SOURCE MATERIAL ::
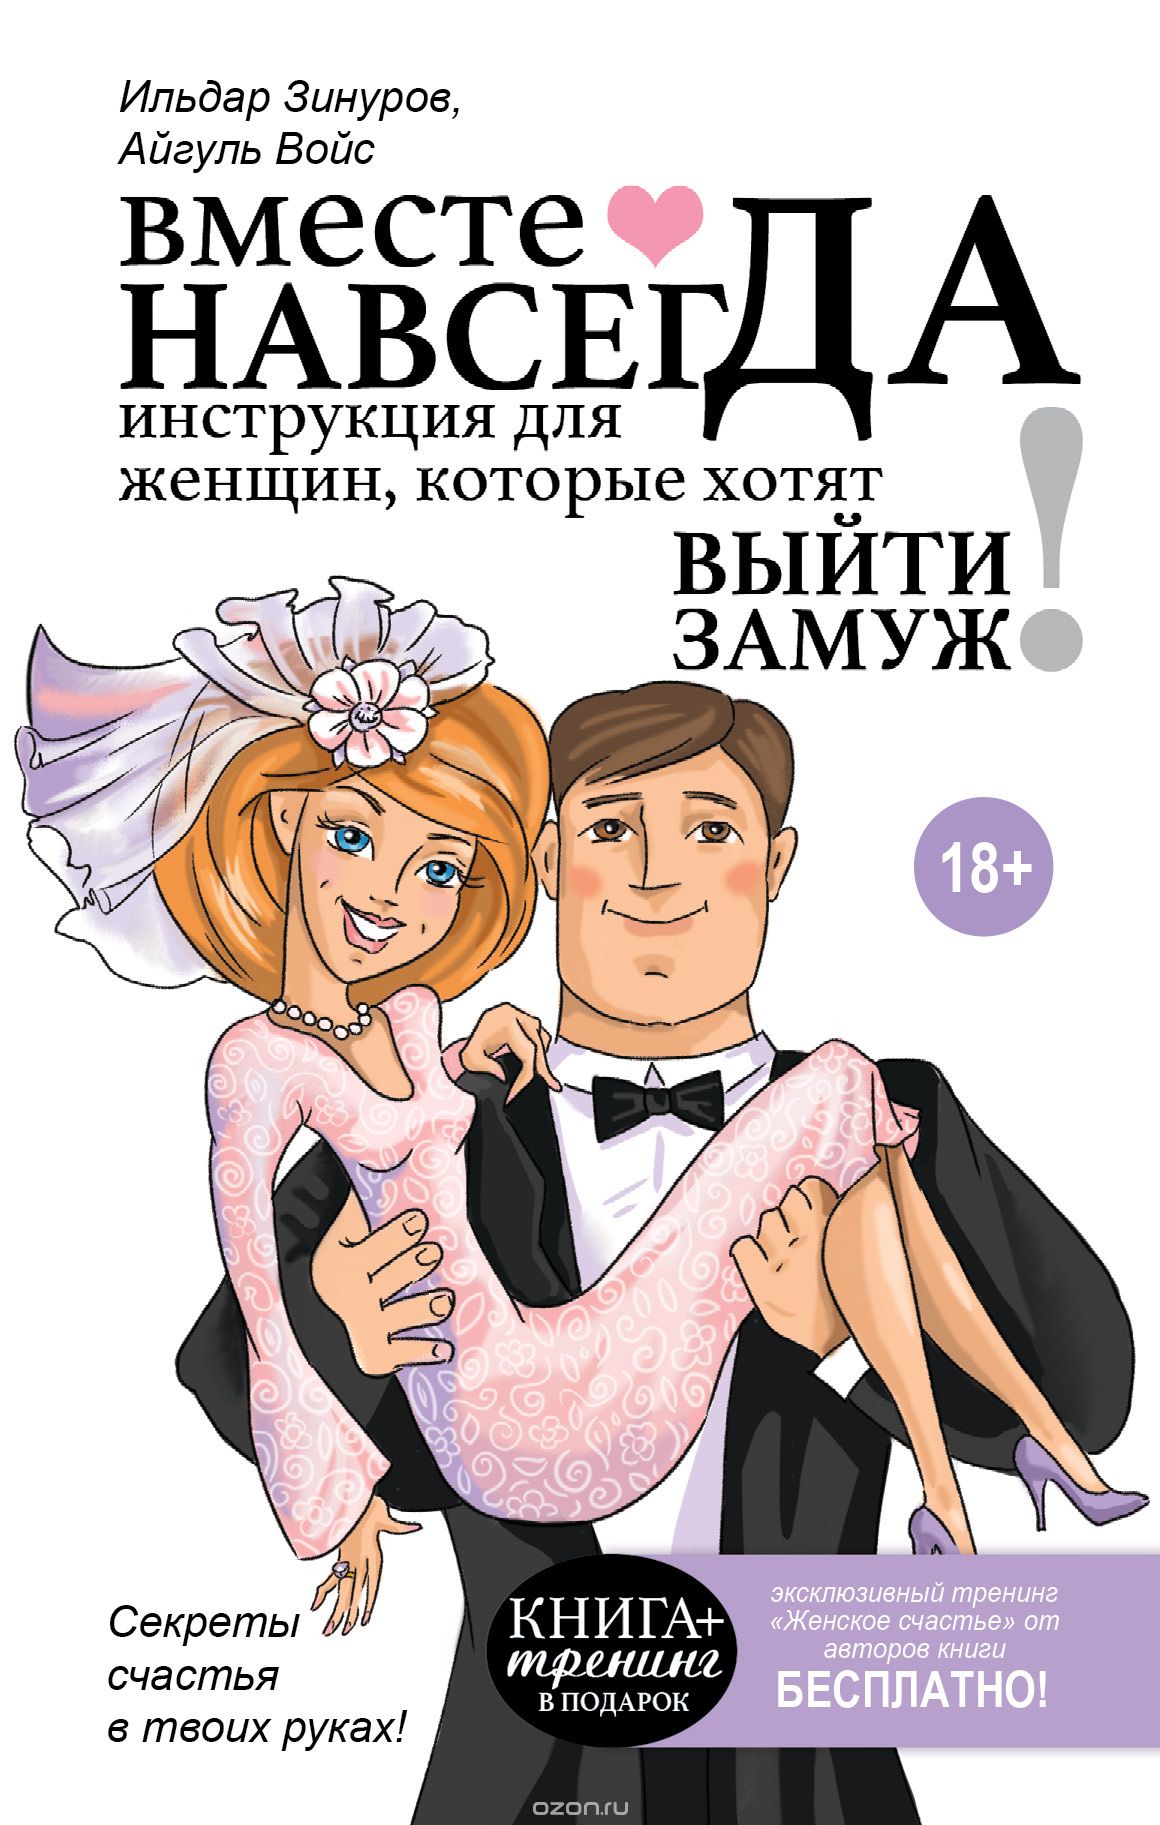 Вместе навсегда. Инструкция для женщин, которые хотят выйти замуж, Ильдар Зинуров, Айгуль Зинурова
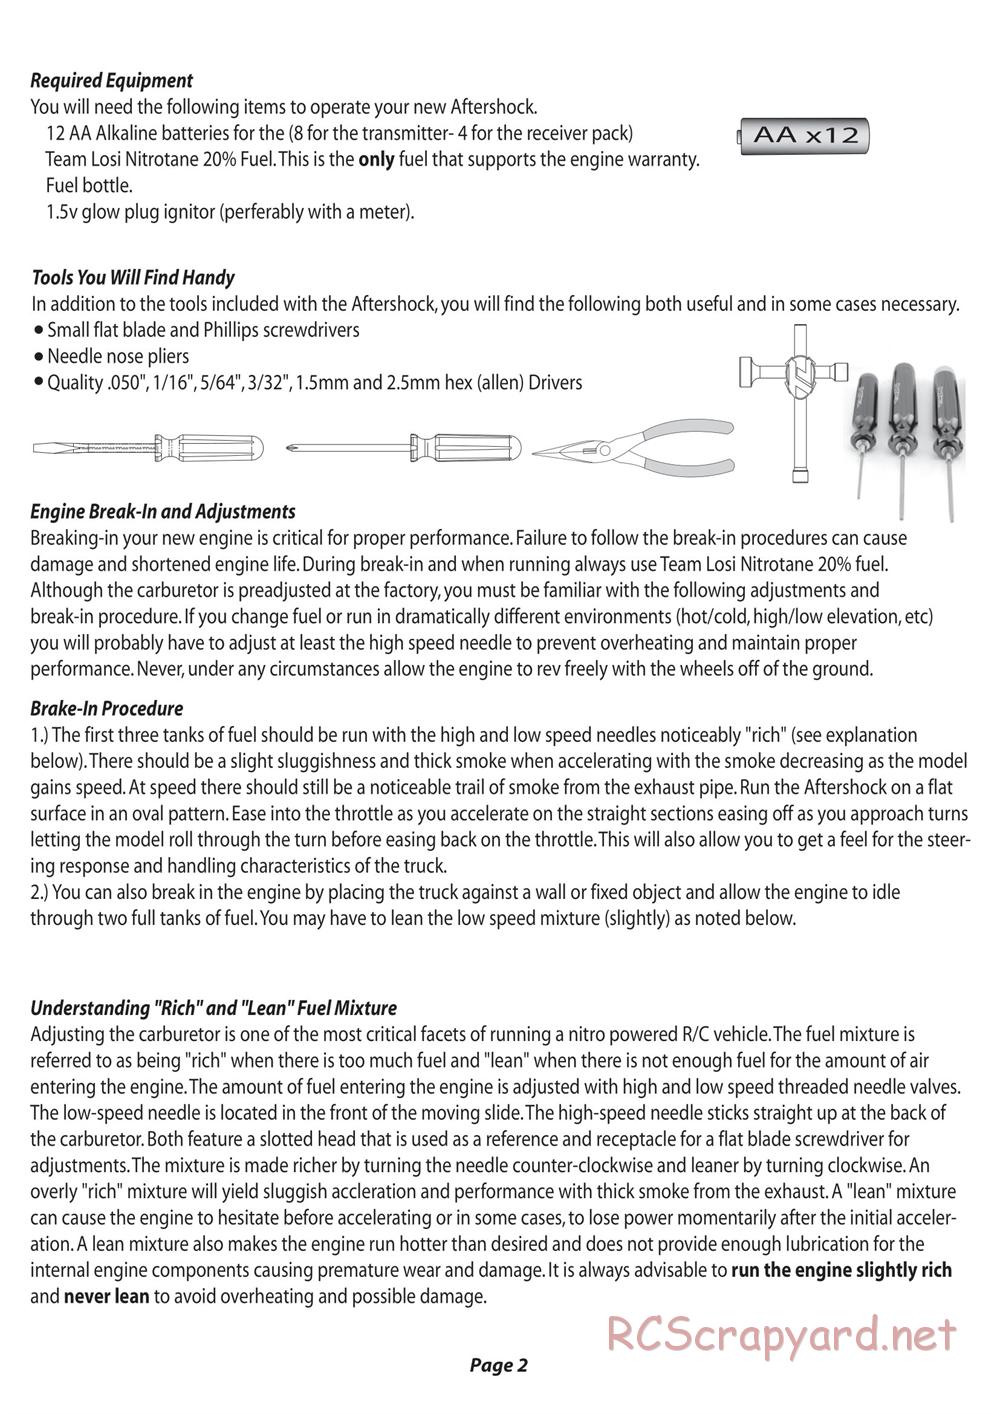 Team Losi - Aftershock - Manual - Page 3
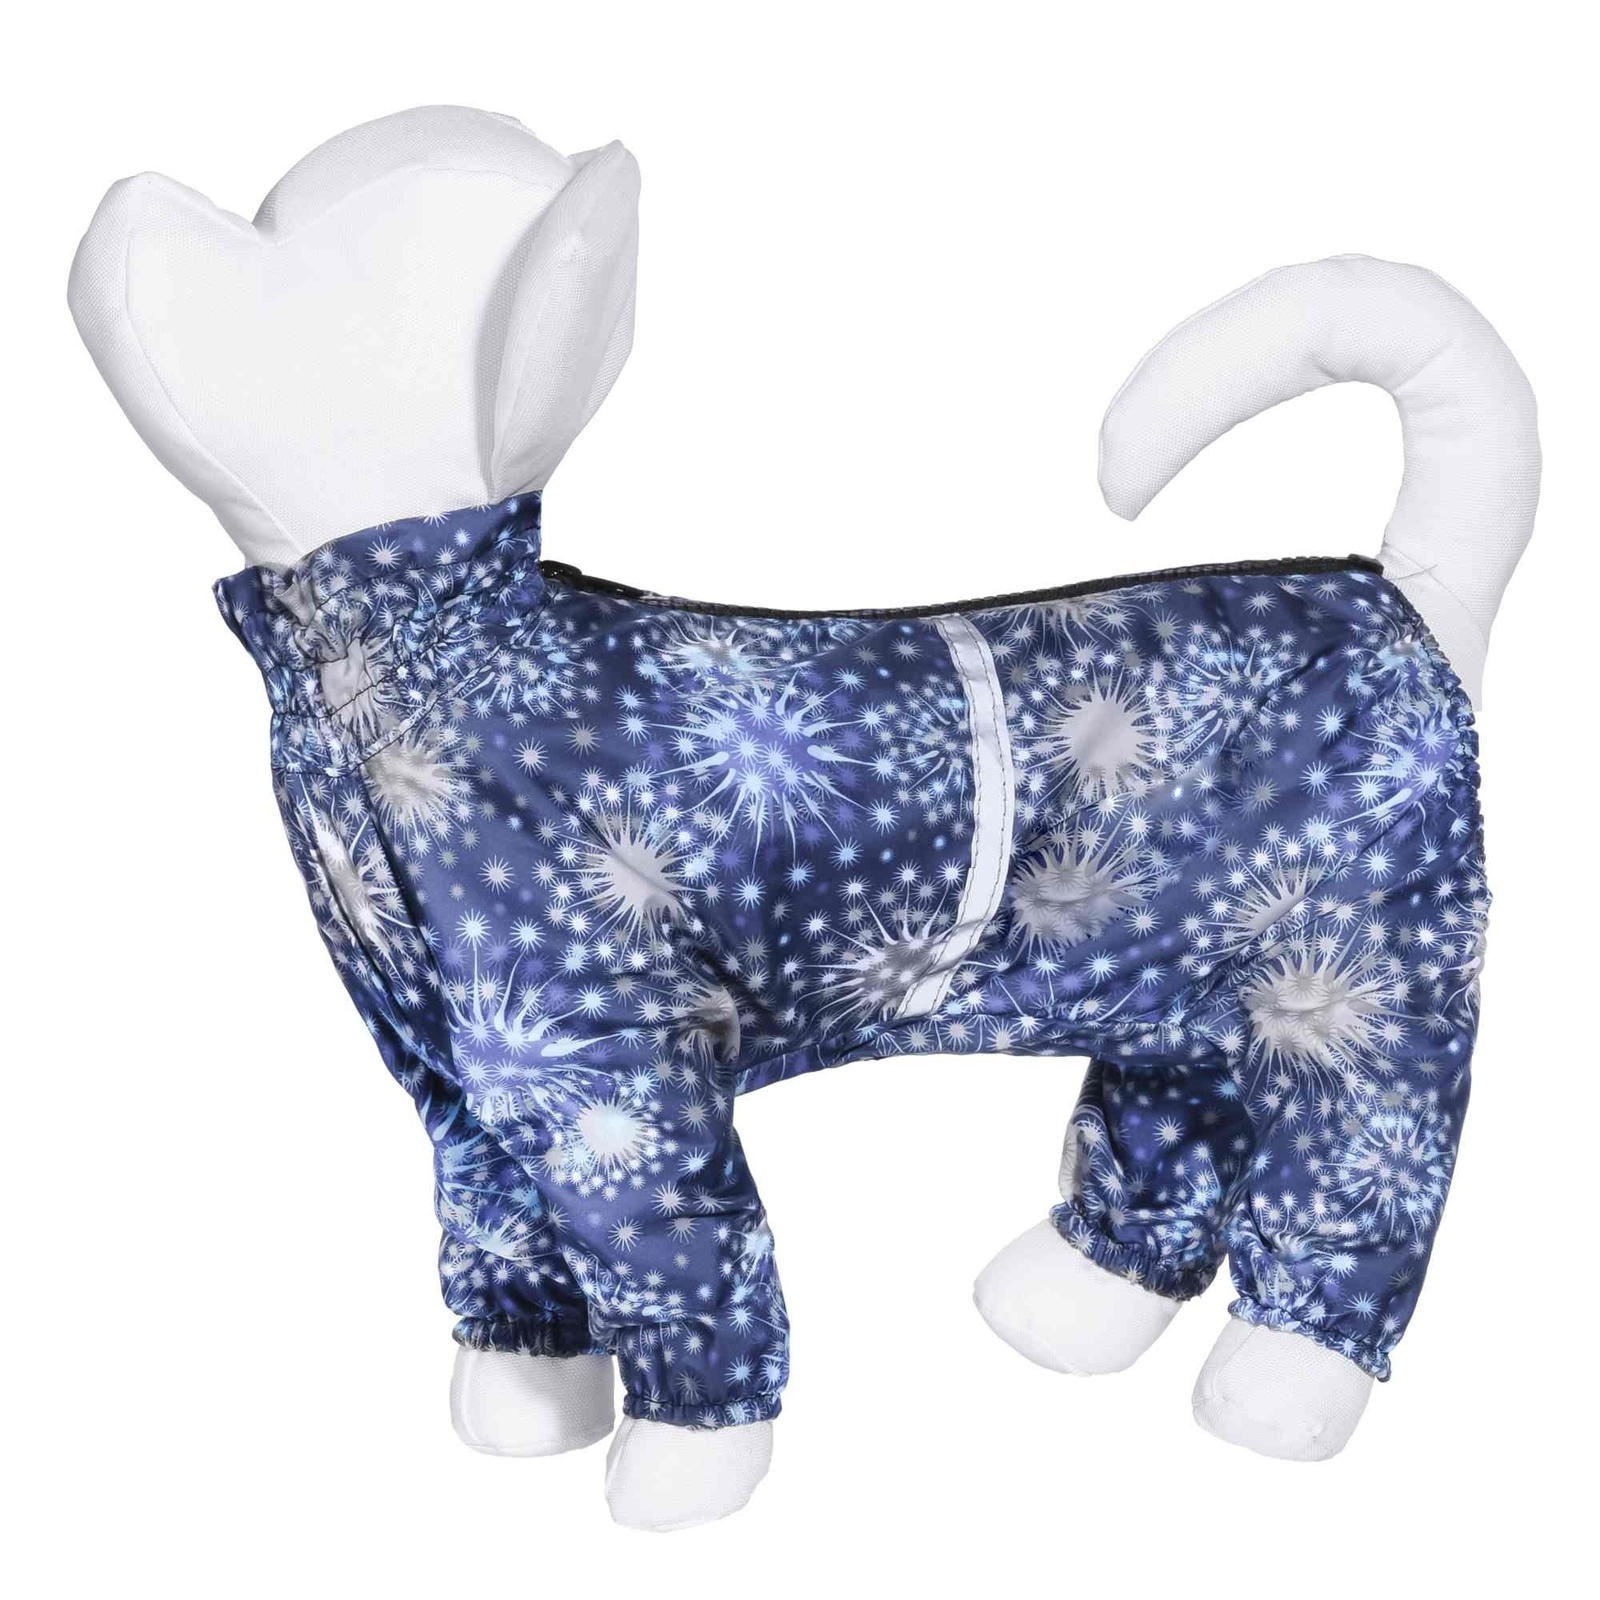 Yami-Yami одежда Yami-Yami одежда дождевик для собак с рисунком Огни синий для малых пород (№4) yami yami одежда yami yami одежда дождевик для собак с рисунком огни синий джек рассел терьер 4

PROMPT ::
Omit the pictures, then print the rest of the listing above exactly.

OUTPUT BELOW ::
 Вместе навсегда. Инструкция для женщин, которые хотят выйти замуж, Ильдар Зинуров, Айгуль Зинурова
 Team Losi - Aftershock - Manual - Page 3
 Yami-Yami одежда Yami-Yami одежда дождевик для собак с рисунком Огни синий для малых пород (№4) yami yami одежда yami yami одежда дождевик для собак с рисунком огни синий джек рассел терьер 4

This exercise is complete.